Hof Den Bosch 270218 uitzendkracht; van bedrijfsongeval met rugletsel is niet gebleken
- Meer over dit onderwerp:
Hof Den Bosch 270218 uitzendkracht; van bedrijfsongeval met rugletsel is niet gebleken
7.5.3 (...) red. LSA LM
Met grief III bestrijdt [appellant] de rov’en 4.1 t/m 4.4 van het vonnis, hiervoor samengevat weergegeven in rov. 7.4. Volgens [appellant] heeft hij, doelend op het bedrijfsongeval, blijvend zwaar rugletsel dat naast immateriële schade zal leiden tot toekomstige materiële schade wegens inkomstenderving. De behandeltijd van het rugletsel neemt al meer dan een half jaar in beslag en [appellant] is niet de oude. Voorts moet, aldus [appellant] , de economische kwetsbaarheid in aanmerking worden genomen. [appellant] is, gezien zijn opleidingsniveau, afhankelijk van “handen”-arbeid.
7.5.3.1 Het hof heeft ter gelegenheid van de op verzoek van [appellant] gehouden pleitzitting reeds doen blijken onaangenaam verrast te zijn geweest door [appellant] ’ afwezigheid. Een afwezigheid in strijd met het bepaalde in artikel 4.3 van het procesreglement. Het hof wenste inlichtingen van [appellant] te verkrijgen, in het bijzonder in verband met het
a. verweer van [geïntimeerde] dat [appellant] op (en in de week van) de gestelde ongevalsdatum 28 juli 2014 (curs. hof) in het geheel niet gewerkt heeft voor [geïntimeerde] bij [de opdrachtgever/inlener] ;
b. door het beweerde bedrijfsongeval opgelopen letsel en de daarvoor ingeroepen medische zorg.

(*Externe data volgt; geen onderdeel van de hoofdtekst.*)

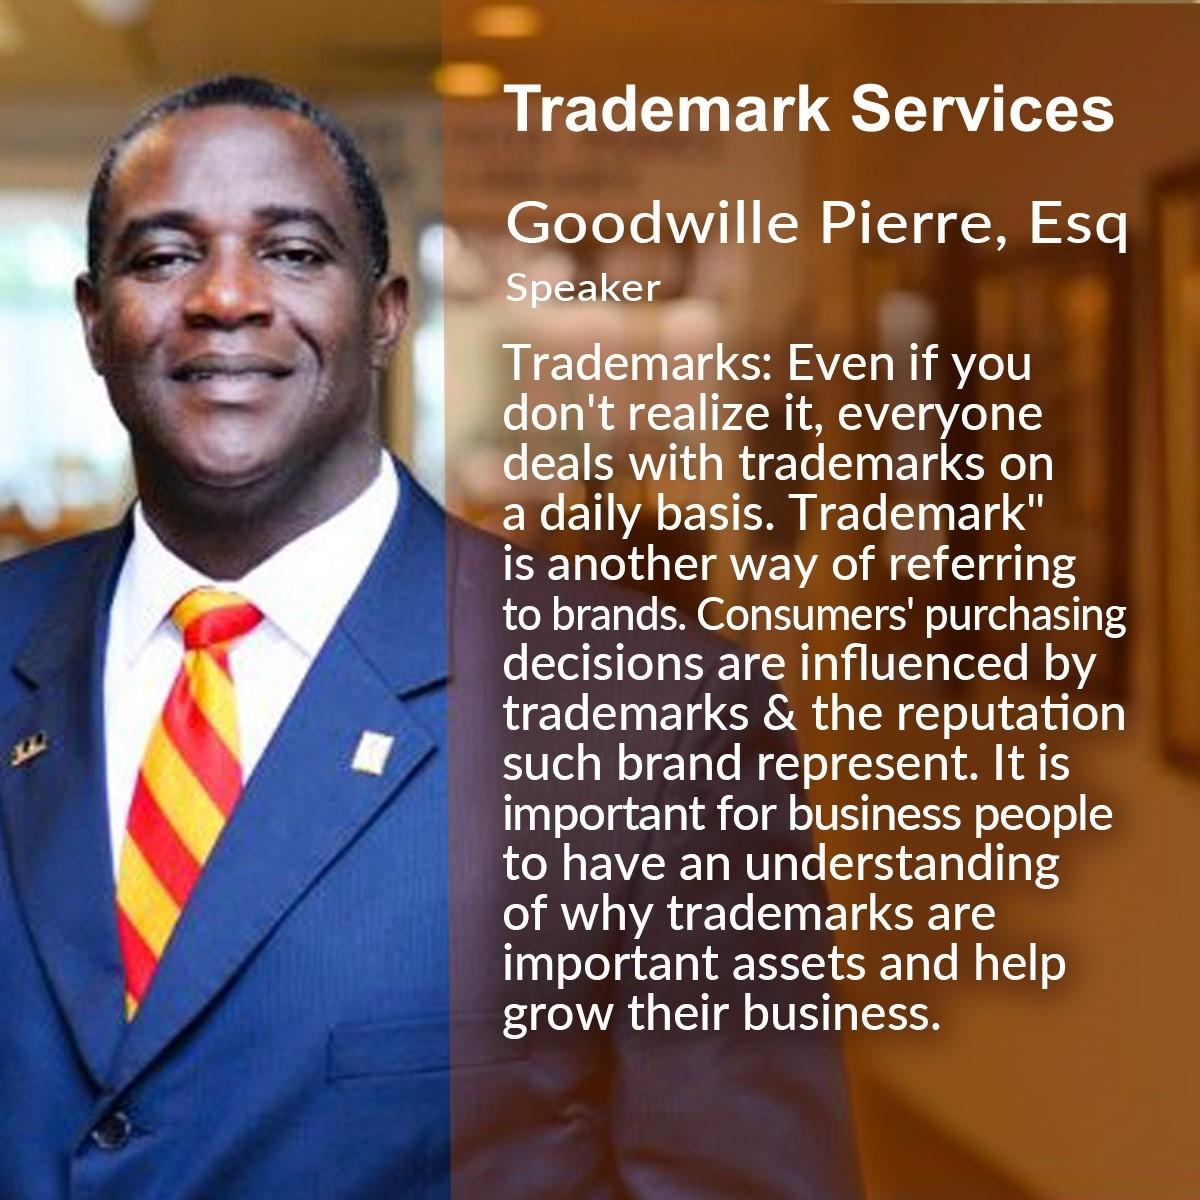 Trademark Services Installments

Ad a. Het hof stelt voorop dat het dit verweer van [geïntimeerde] niet ziet als een, in strijd met de twee-conclusieregel, nieuw verweer bij pleidooi. Het hof ziet dit verweer als aansluitend op het verweer van [geïntimeerde] dat haar (en haar opdrachtgever/inlener [de opdrachtgever/inlener] ) van een bedrijfsongeval op 28 juli 2014 niets bekend is. Geparafraseerd: “wij weten niets van het bedrijfsongeval en dat klopt ook omdat [appellant] die dag niet bij [de opdrachtgever/inlener] gewerkt heeft.”
Het hof stelt vast dat met de door [appellant] bij dagvaarding in eerste aanleg overgelegde loonstrook over periode 8, lopend van 14 juli 2014 t/m 10 augustus 2014, 72 uren á € 9,00 per uur zijn verloond (cf. artikel 6 uitzendovereenkomst). In deze periode zitten evenwel 20 werkdagen. Bij een werkdag van 8 uur zouden er dus, als door [appellant] alle dagen gewerkt zou zijn, 160 uren zijn verloond. (De raadsman van) [appellant] heeft ter terechtzitting in hoger beroep geen verklaring voor dit verschil gegeven. De loonstrook, ook overgelegd door [geïntimeerde] als prod. voorafgaande aan het pleidooi, vermeldt voorts 72 aan [de opdrachtgever/inlener] gefactureerde uren over de perioden 14 juli t/m 20 juli en 21 juli t/m 27 juli 2014 (curs. hof), welke vermelding evenmin is bestreden. Bovendien is de door [geïntimeerde] overgelegde productie 1 bij memorie van antwoord, waaruit volgens [geïntimeerde] blijkt dat zij na 27 juli 2014 nog slechts één dag, zijnde 4 augustus 2014, uitlening (van [appellant] ) aan [de opdrachtgever/inlener] heeft gefactureerd niet weersproken, althans niet gemotiveerd.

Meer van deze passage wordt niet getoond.